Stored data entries
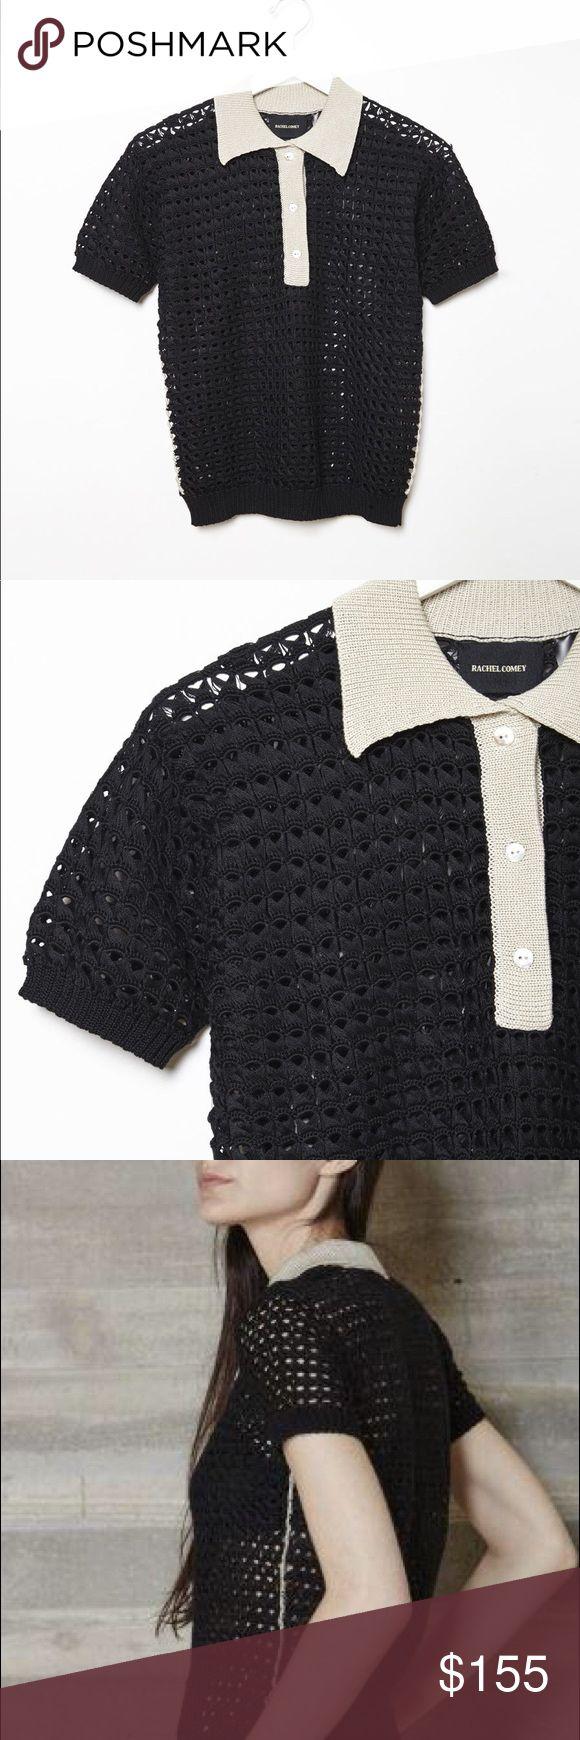 Rachel Comey Crochet Polo Shirt/ Sweater Rachel Comey black sheer crochet polo top with beige collar Rachel Comey Tops Tees - Short Sleeve
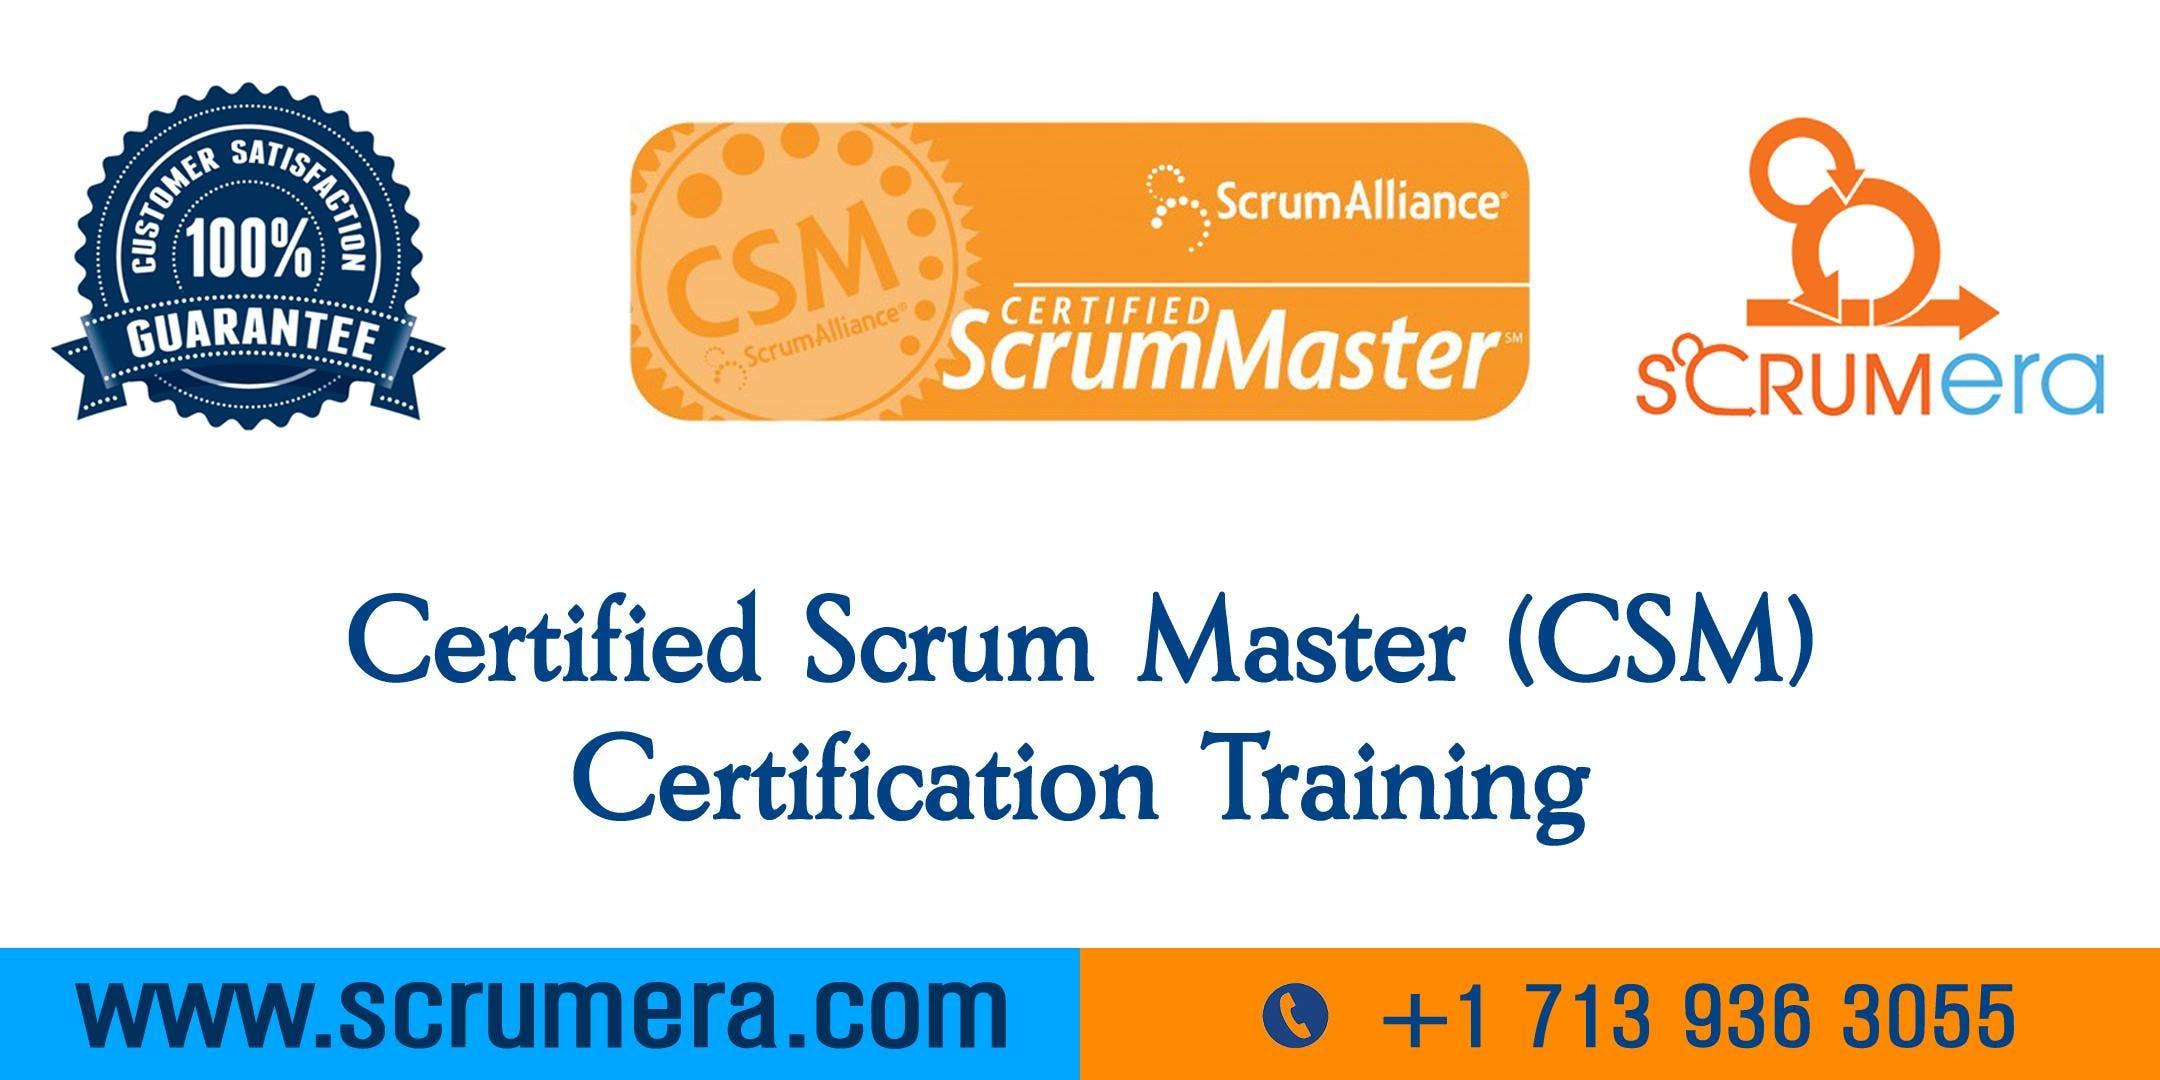 Scrum Master Certification | CSM Training | CSM Certification Workshop | Certified Scrum Master (CSM) Training in Glendale, CA | ScrumERA
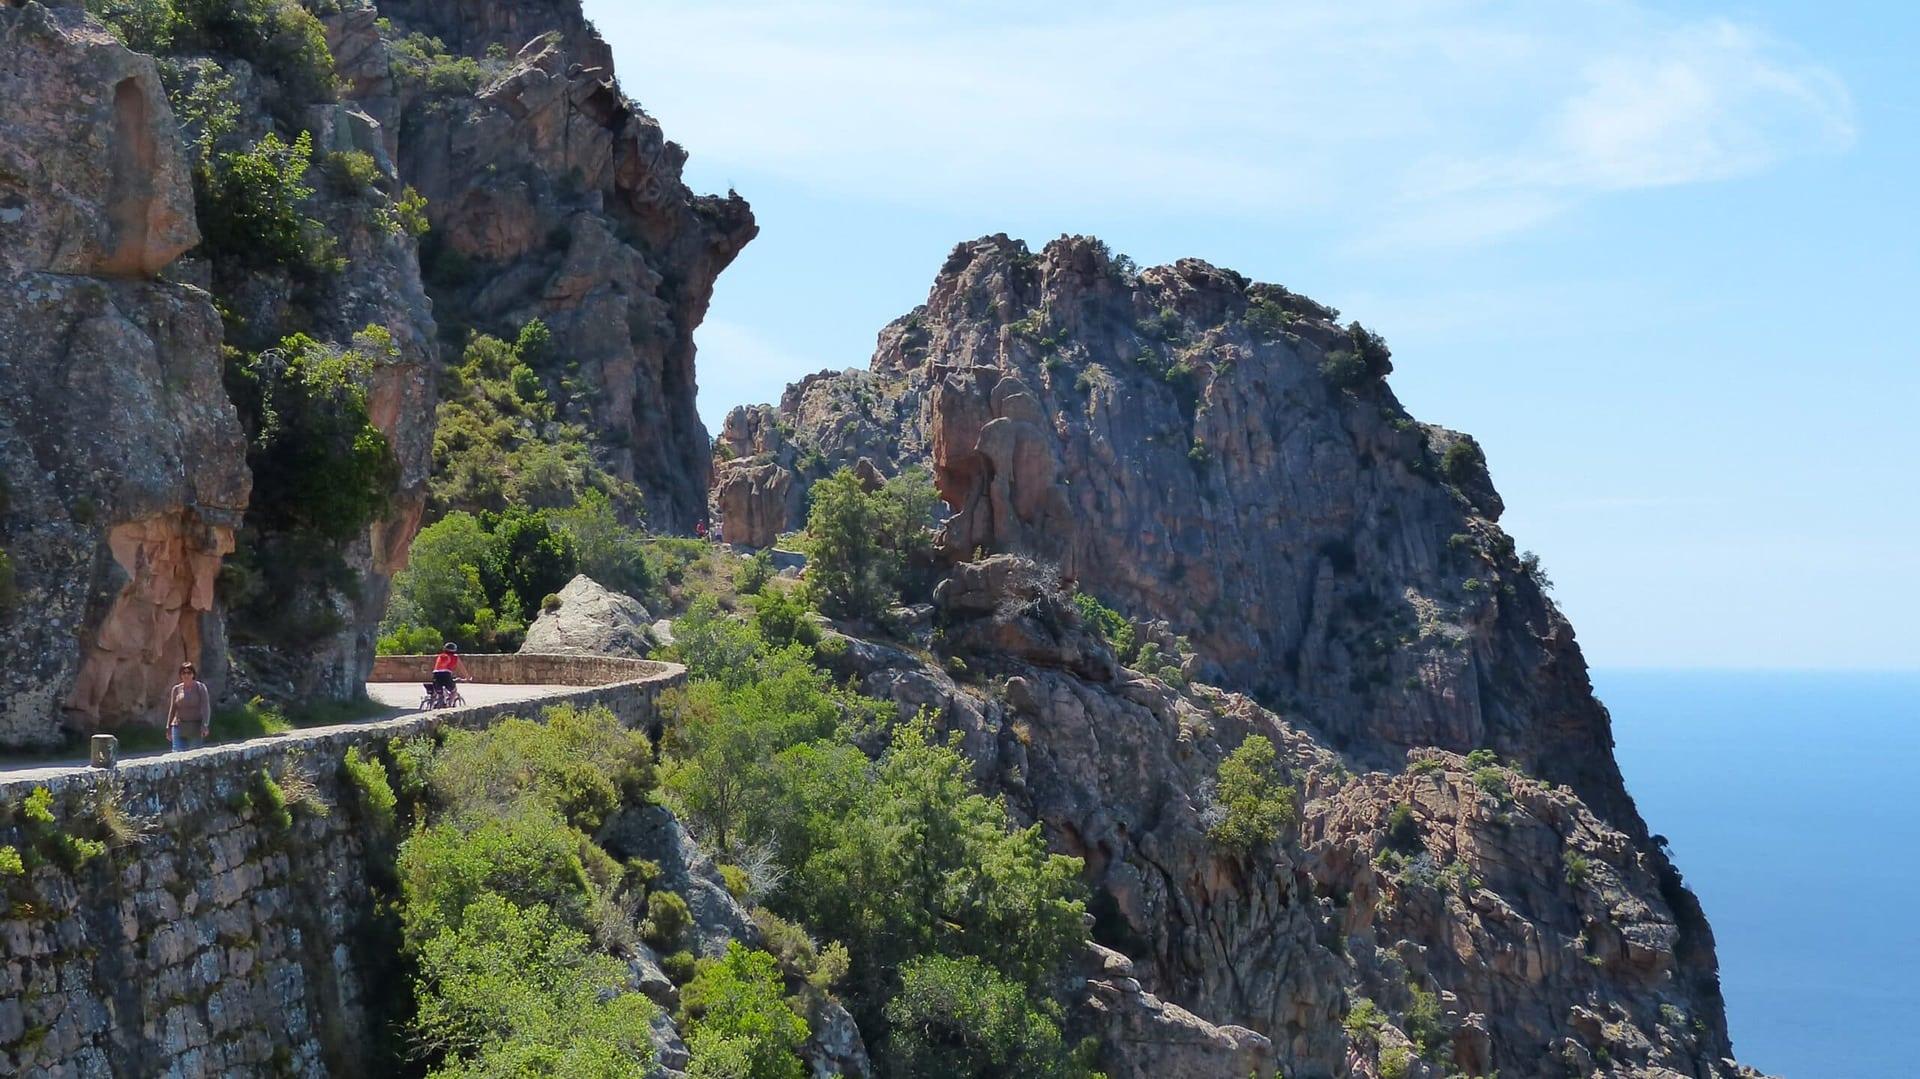 Radreise Korsika geführte Radtour
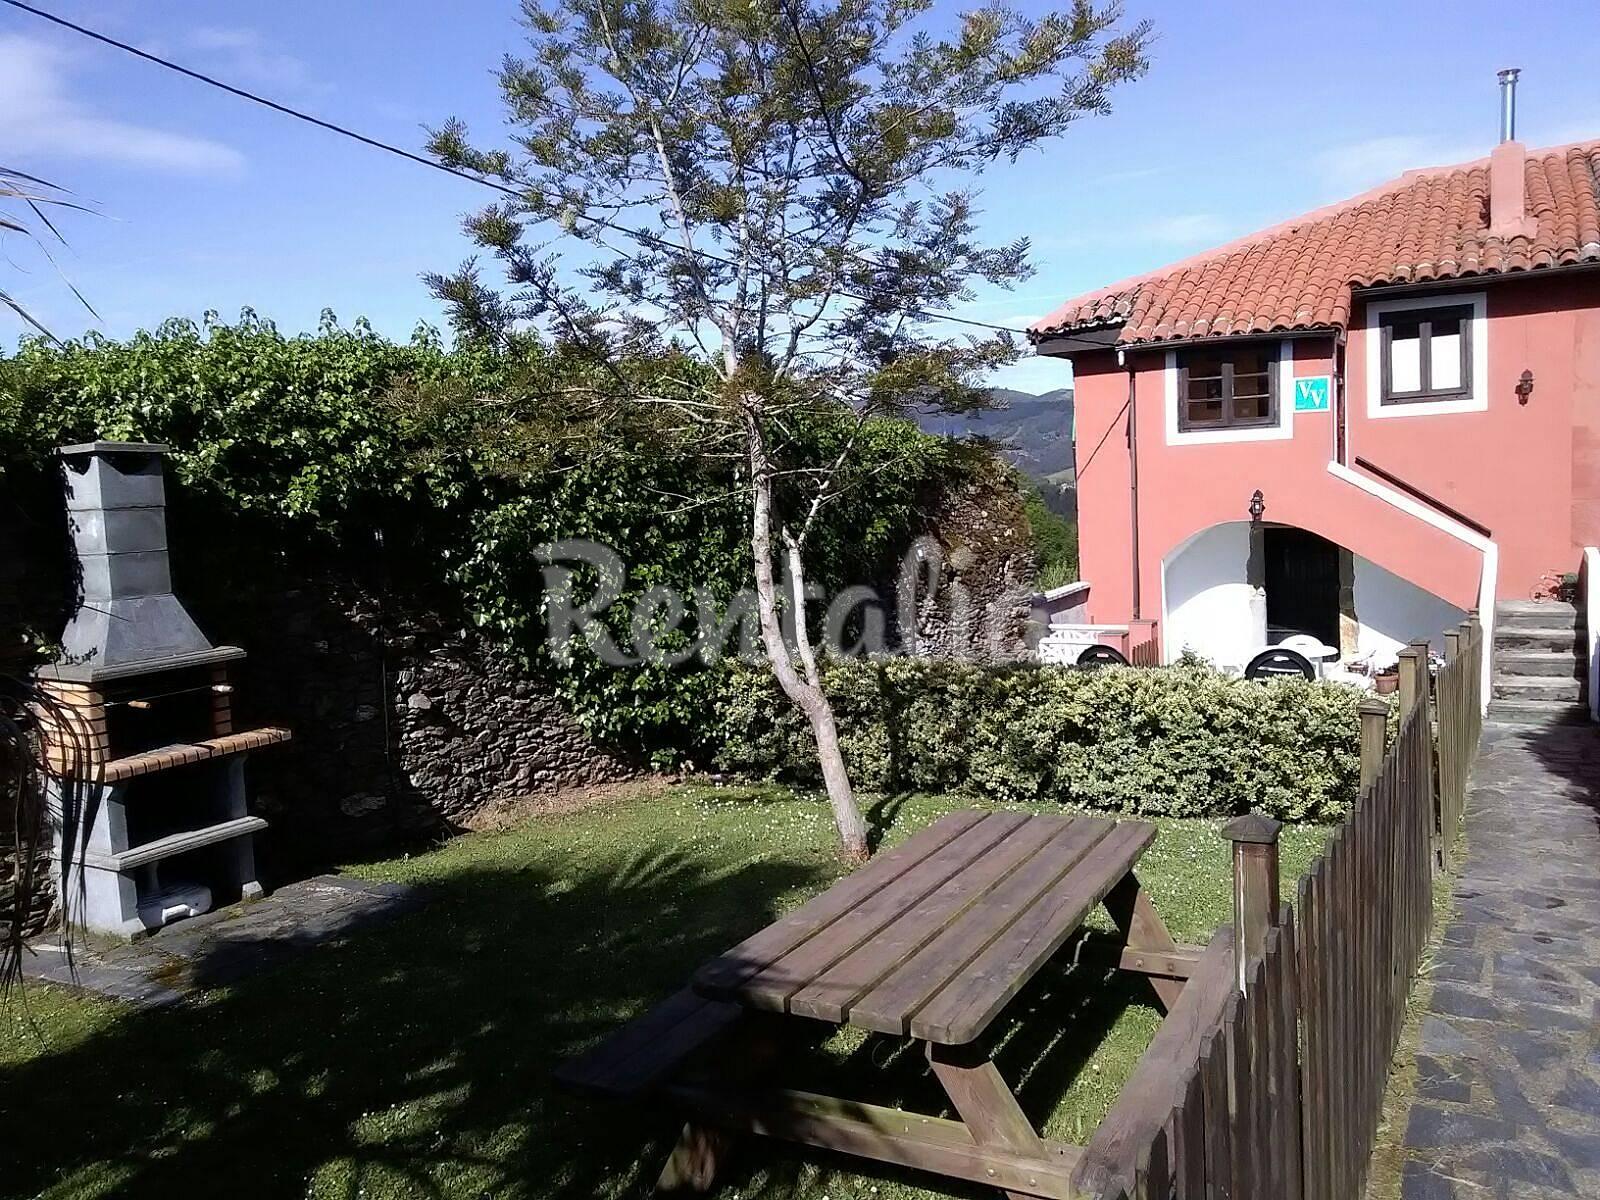 Casa con jard n san cristobal cudillero asturias for Casa jardin asturias
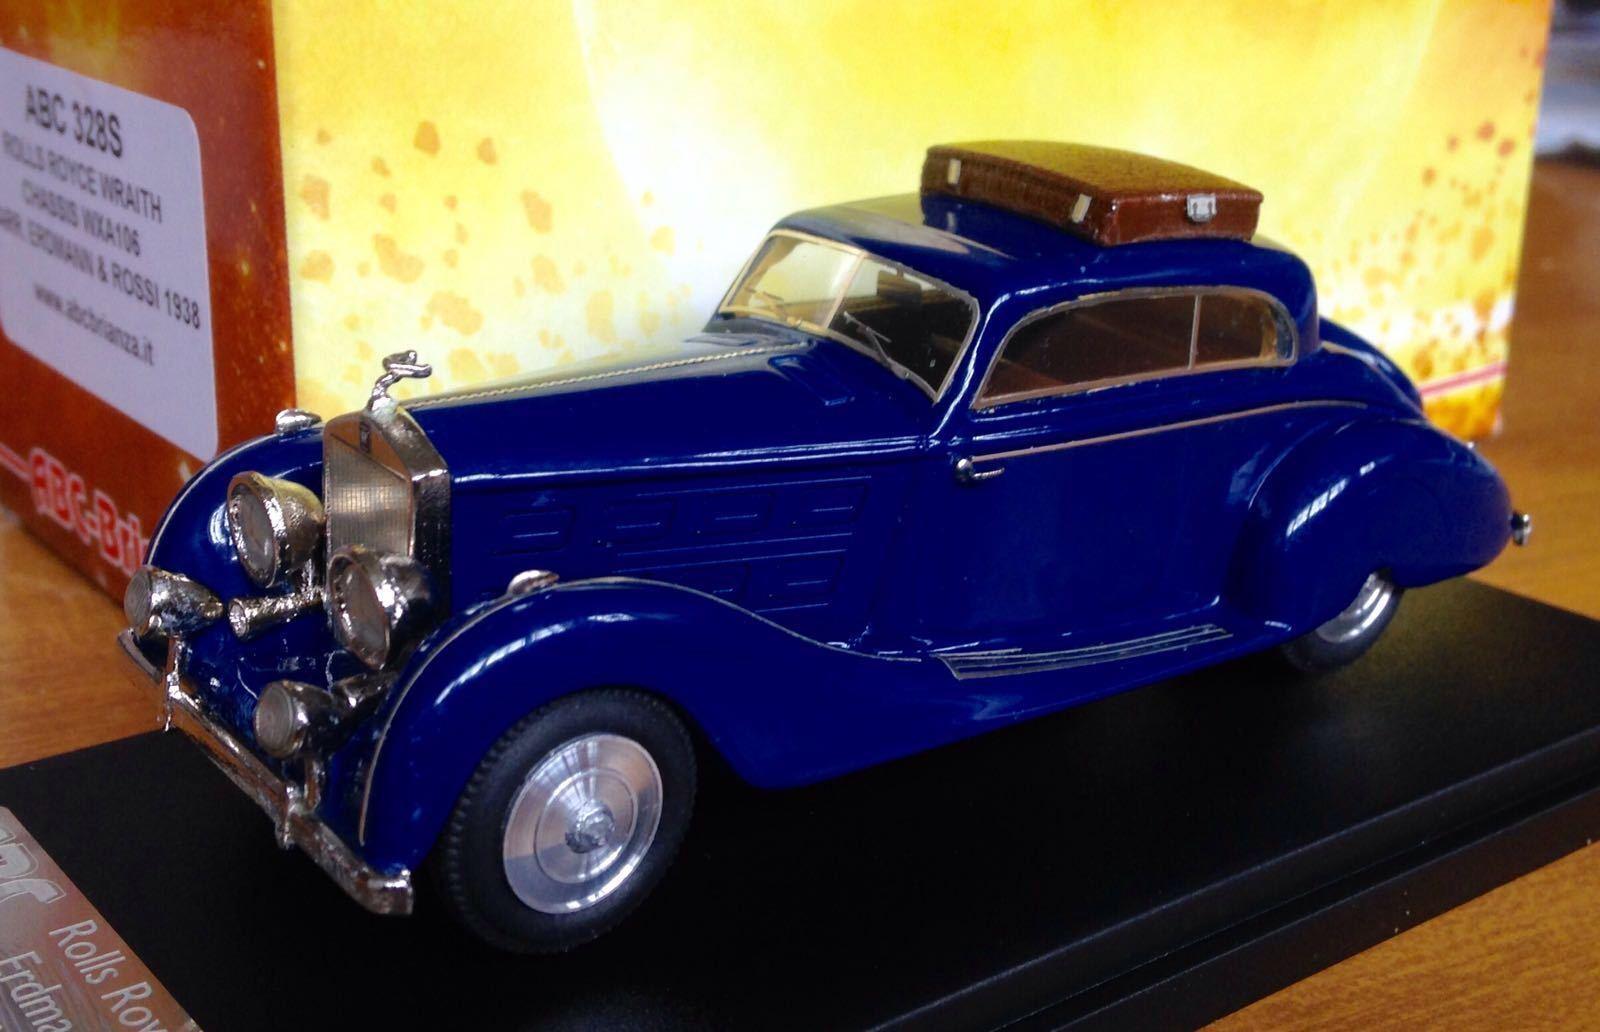 ABC Brianza 328 - ROLLS ROYCE WRAITH CHASSIS WXA106 ERDMANN & ROSSI 1938 1 43

• _Exercise instructions_
The response should hold only an exact retyping of the lines from the beginning of the data through the line containing "Casa con jard", both ends kept, pictures omitted.

• _Solution_
 Rachel Comey Crochet Polo Shirt/ Sweater Rachel Comey black sheer crochet polo top with beige collar Rachel Comey Tops Tees - Short Sleeve
 Scrum Master Certification | CSM Training | CSM Certification Workshop | Certified Scrum Master (CSM) Training in Glendale, CA | ScrumERA
 Radreise Korsika geführte Radtour
 Casa con jard n san cristobal cudillero asturias for Casa jardin asturias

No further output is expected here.